### EXERCISE:
Your answer should be each line of the entries that contains the word "Grand", copied in full.
** SOURCE MATERIAL follows **
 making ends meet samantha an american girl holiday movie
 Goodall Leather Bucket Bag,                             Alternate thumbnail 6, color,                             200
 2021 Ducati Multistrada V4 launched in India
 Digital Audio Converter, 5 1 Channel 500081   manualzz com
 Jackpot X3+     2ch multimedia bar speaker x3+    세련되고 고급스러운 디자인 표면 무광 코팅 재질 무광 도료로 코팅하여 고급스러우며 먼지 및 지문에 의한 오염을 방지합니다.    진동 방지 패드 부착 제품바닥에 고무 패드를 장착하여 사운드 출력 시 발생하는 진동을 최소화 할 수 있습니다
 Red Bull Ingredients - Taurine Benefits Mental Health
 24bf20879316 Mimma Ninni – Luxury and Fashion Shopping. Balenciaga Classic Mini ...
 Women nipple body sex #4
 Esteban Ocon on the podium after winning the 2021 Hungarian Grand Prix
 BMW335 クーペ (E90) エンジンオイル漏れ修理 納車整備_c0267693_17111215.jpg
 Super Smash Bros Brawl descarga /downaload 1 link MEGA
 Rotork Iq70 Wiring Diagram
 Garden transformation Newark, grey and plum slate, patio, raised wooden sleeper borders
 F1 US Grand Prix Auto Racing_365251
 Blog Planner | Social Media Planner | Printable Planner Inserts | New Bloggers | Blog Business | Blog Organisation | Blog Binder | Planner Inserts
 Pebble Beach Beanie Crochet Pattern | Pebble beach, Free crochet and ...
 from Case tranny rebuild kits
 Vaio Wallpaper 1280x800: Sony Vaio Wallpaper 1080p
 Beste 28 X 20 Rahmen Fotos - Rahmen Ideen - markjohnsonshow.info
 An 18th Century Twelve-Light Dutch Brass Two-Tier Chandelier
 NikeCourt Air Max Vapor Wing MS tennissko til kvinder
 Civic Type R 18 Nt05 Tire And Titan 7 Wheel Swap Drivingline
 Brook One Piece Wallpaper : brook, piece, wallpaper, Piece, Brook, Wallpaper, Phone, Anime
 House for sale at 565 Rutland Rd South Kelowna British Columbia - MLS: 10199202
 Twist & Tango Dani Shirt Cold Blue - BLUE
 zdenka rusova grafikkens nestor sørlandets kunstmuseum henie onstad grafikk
** End of SOURCE MATERIAL **
### ANSWER AREA:
 Esteban Ocon on the podium after winning the 2021 Hungarian Grand Prix
 F1 US Grand Prix Auto Racing_365251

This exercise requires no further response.